Он казался расстроенным:

— Ты это не серьезно?

— Я — человек серьезный, разве ты не заметил? К тому же ее сочинил твой старый приятель. Эврард Люссанский.

— Старый кто? — Блэз заморгал. — Эврард? Он так себя назвал? — Он выглядел таким изумленным, что она невольно рассмеялась. — Что известно о том, что нас связывает?
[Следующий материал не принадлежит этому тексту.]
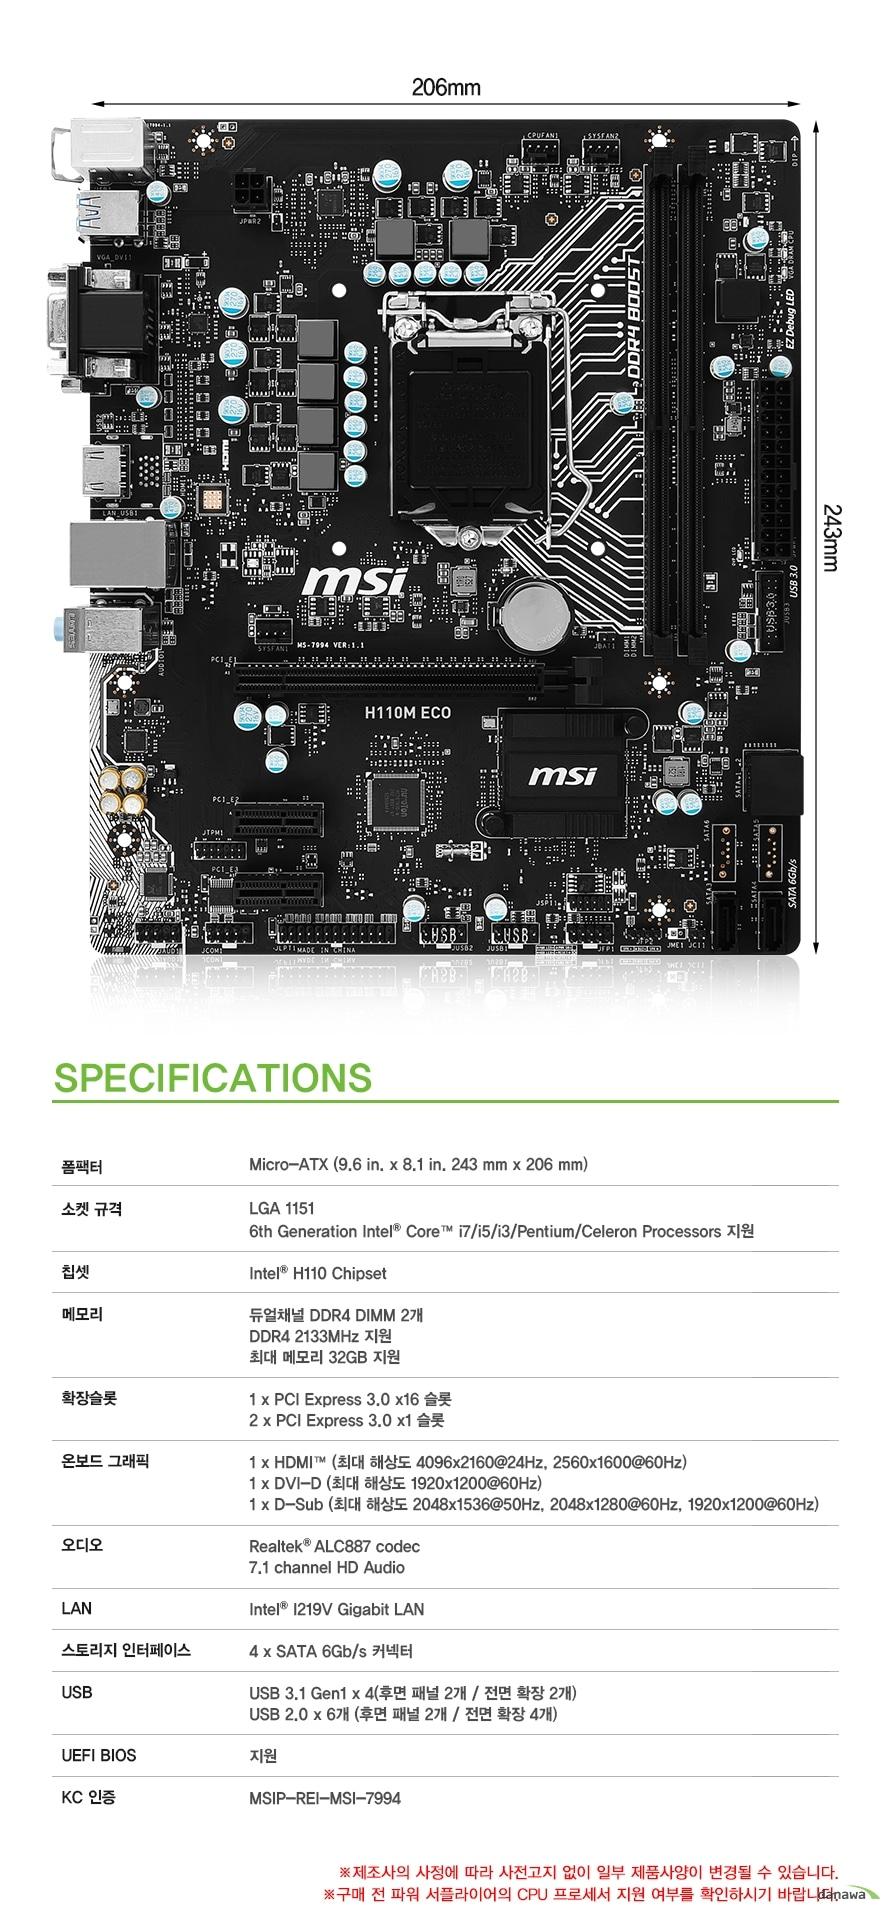 MSI H110M ECO 종합정보 행복쇼핑의 시작 ! 다나와 (가격비교) - Danawa.com

Она улыбалась, наслаждаясь.

— Со времен острова Риан? Он начал нам рассказывать об этом сразу же после поединка сегодня утром. Никто раньше не знал. Но с сегодняшнего дня знакомством с тобой стоит похваляться. Очевидно, только тебе из всех прочих смертных эн Маллин де Бауд доверил деликатное задание усмирить задетые чувства Эврарда прошлой весной. Это правда, Блэз?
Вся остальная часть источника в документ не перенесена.